In Sierra Leone, machetes are called cutlasses, and they are one of the few tools many people have. They are kept as sharp as possible, and used like axes, lawn mowers, paring knives, root axes, and sometimes shovels. Men, women and children use them. Often you encounter people walking in the bush with their cutlass balanced across their heads, leaving their hands free.
They were sharpened on river rocks, and a good river rock for sharpening was rare and valuable. I have a story about a couple of good friends who fell out over such a rock.
Farmers and I often used them in clearing jungle in the swamps, first slashing through the succulent foliage and vines, then chopping down palms and other trees, and finally, using them to cut and dig out stumps if no axe was available.
Their use as lawn mowers, helped to maintain a 3-foot wide perimeter along jungle paths, pushing back the larger foliage and shrubs, and then trimming the grass that continually grew up. A common punishment in the village court for such crimes as thievery or adultery, was to require the perp. to clear and maintain a couple of miles of pathway through the bush. Those pathways connect all tropical Africa. If you were serving that sentence, everybody made sure to pass down that path while your were at it, to rub a little salt in the wound.
Mowing the “lawns” around houses meant cutting the grass down to about 2 inches, and this work was often done by young boys, known as bobos. Boys and girls (teetees) could do remarkable work. Everyone joked about harnessing bobo-power, but a group of small boys could free up a truck buried in mud, or help place an enormous beam high up in a structure.
To mow required getting low to the ground, taking a long-armed swing, and then swiping flat with the cutlass, and keeping your wrist very free at the last second to get additional speed and momentum. Lawns, frankly, looked pretty even and neat when cut that way.
That free wrist was also important when chopping through fields of caladiums, or taking down a palm tree. Maximum impact happened if a very sharp blade was moving fast and struck at just the right time.
One day, I was clearing a swamp with a farmer. We were taking all the soft foliage and grass down, and I was holding together bunches of grass with my left hand, while chopping them off with that swipe at ground level with the cutlass. A lot of people used a crooked stick in their left hand to bunch the grass, for fear of cutting themselves, but I knew what I was doing. I had a leather glove on my free hand. But the cutlass ricocheted off a hard root or something and bounced up, hitting my left hand, right at the base of my index finger. It felt like just a hard bang, but it did cut the glove.

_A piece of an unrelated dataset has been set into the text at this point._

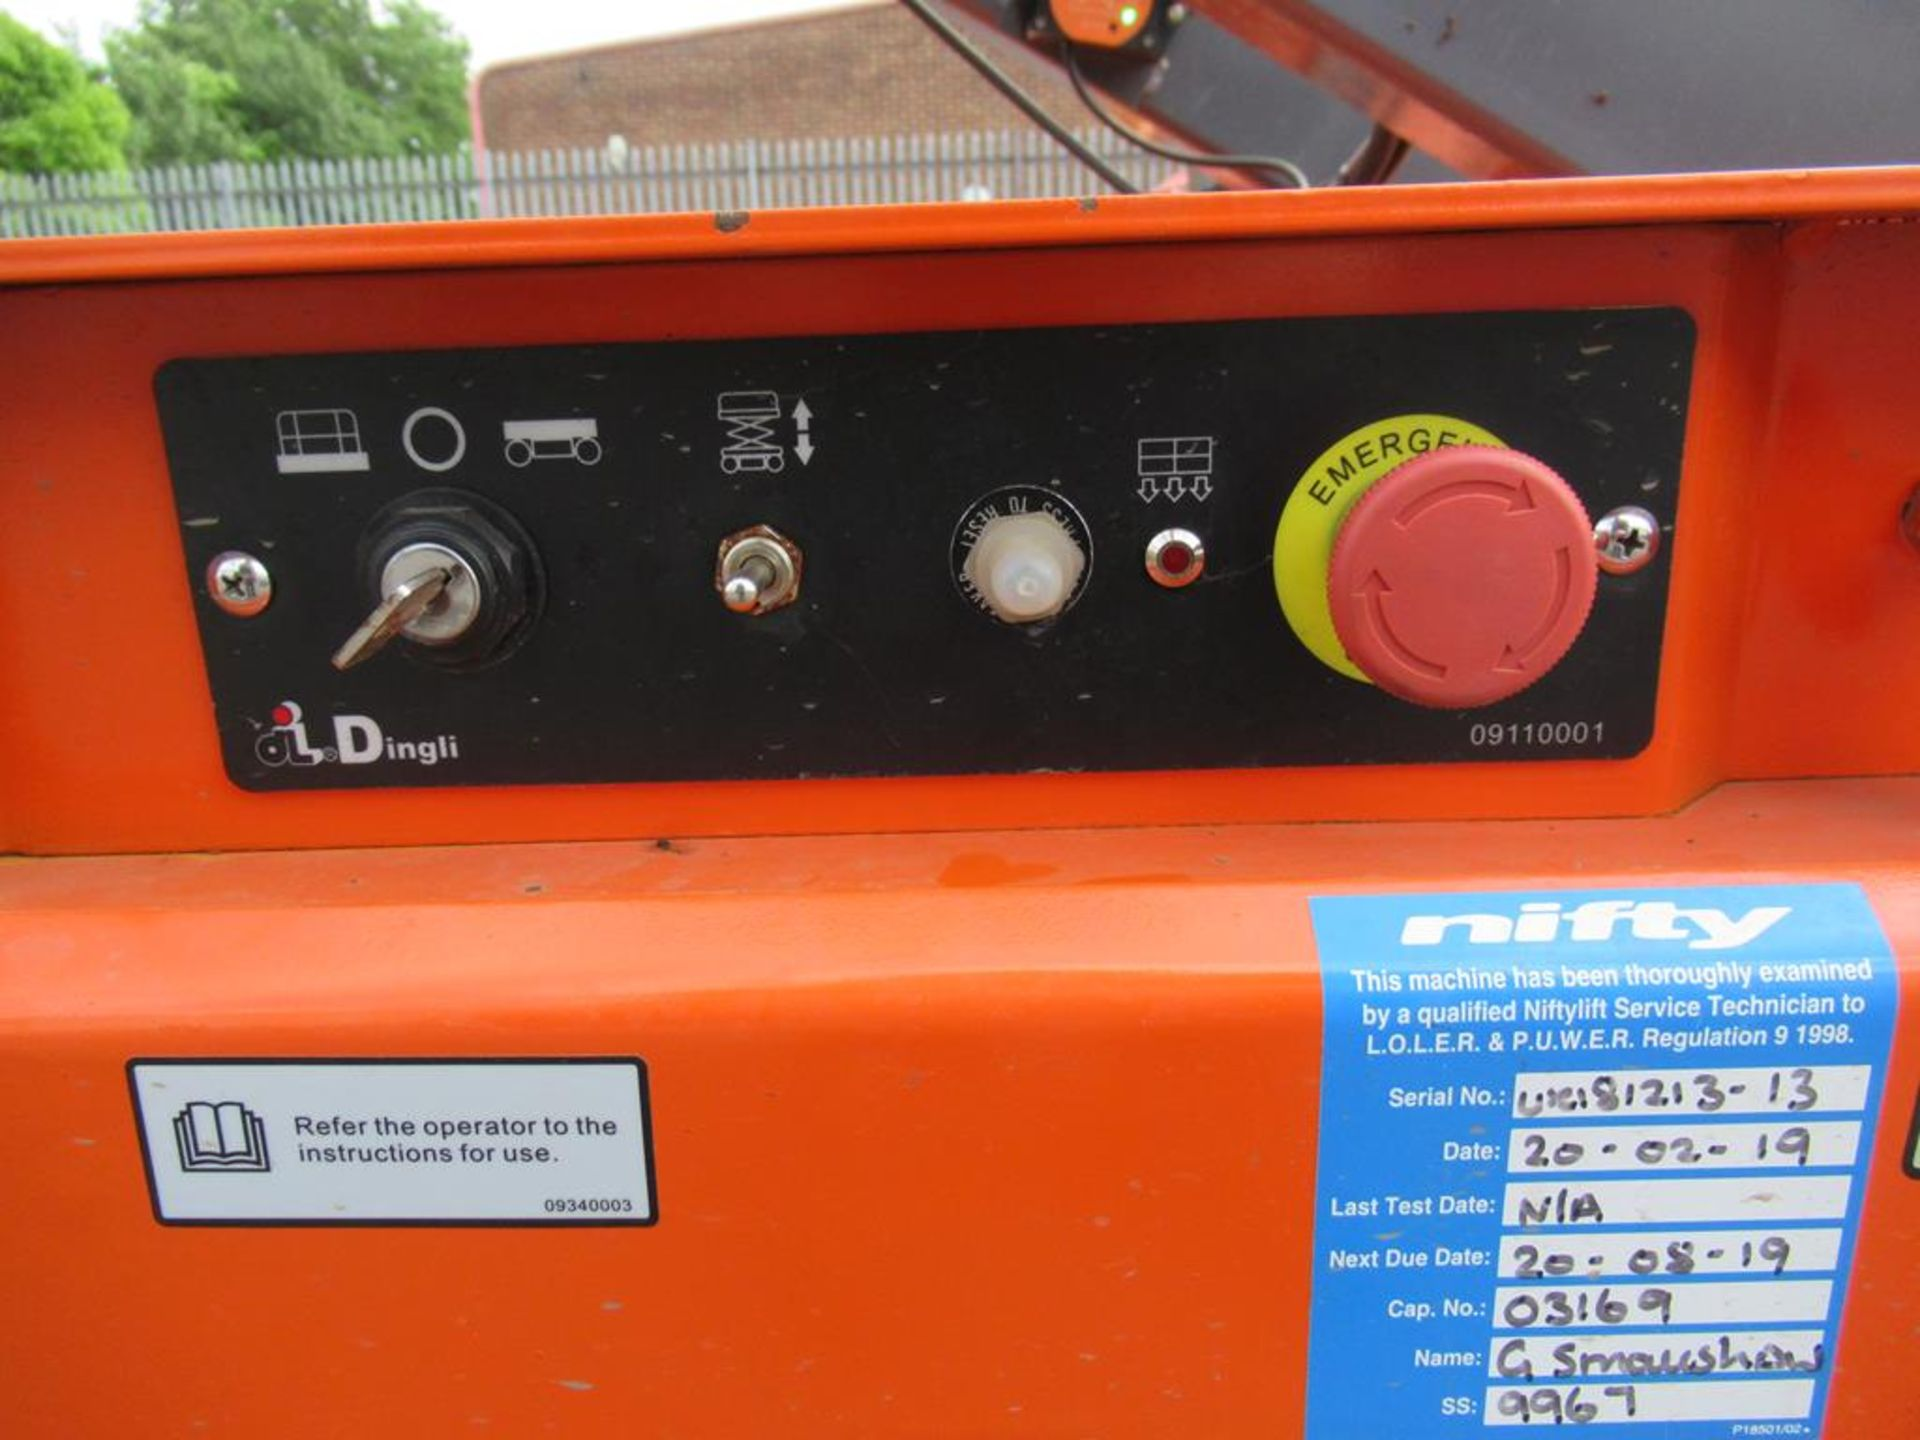 Dingli JCPT 1412 DC 24V electric scissor lift - Image 3 of 7
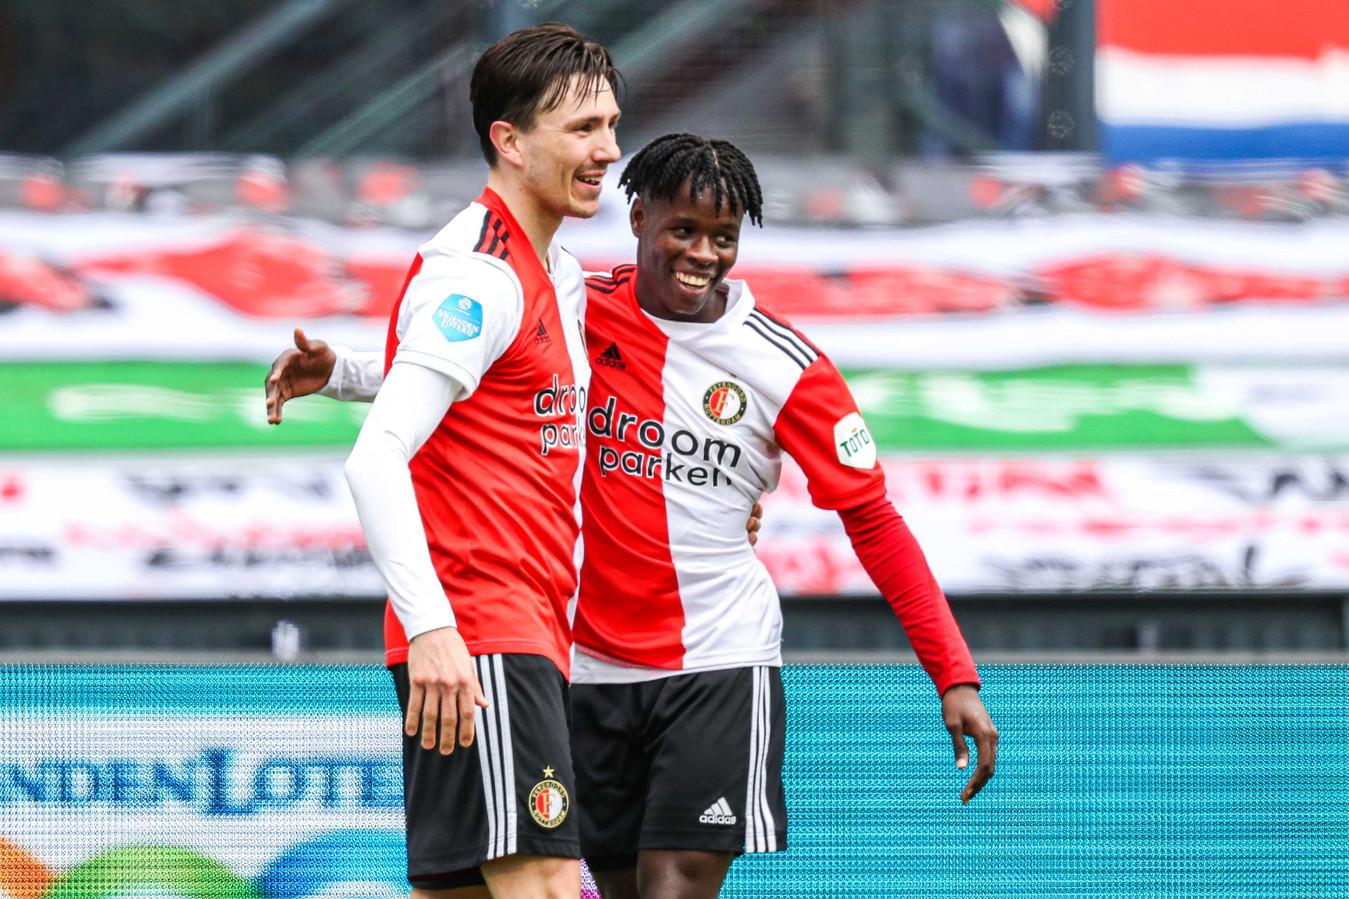 Aliou Balde gaf de assist bij de 2-0 van Steven Berghuis.

I pulled the glove off, and blood started spurting about 6 inches straight up with each heart beat. The farmer ran into the bush and came back doggedly chewing some fiber. When it was workable, he mashed it into the wound and wrapped my hand tight with a palm frond. I took off walking as rapidly as I could back to my house, a couple of miles away. The blood seemed to be staunched pretty well, so when I got home, I pulled the bush dressing off to see what was going on, and it immediately started spurting in the air again. Really smart move on my part. Blood was everywhere, but I had gauze, and I wrapped and wrapped till I had it staunched once more.
There was a missionary hospital eleven miles away in Mattru Jong. I had a motorcycle, and I managed to get there. Everyone at the hospital already knew me from a malaria incident a few months before. I was a bloody mess, and the doctor saw me quickly. There were internal stitches on the blood vessel and 4 external stitches to close the wound. I was back home in a couple of hours. I walked back out to the swamp to find the farmer and let him know I was okay, but I was out of commission as labor for a couple of weeks.
I brought that cutlass home and used it extensively as a farm tool in Kansas. That continued when Lynn and I started vegetable and cut flower farming. Gradually, it fell out of favor to more specialized tools, though it still feels right in my hand.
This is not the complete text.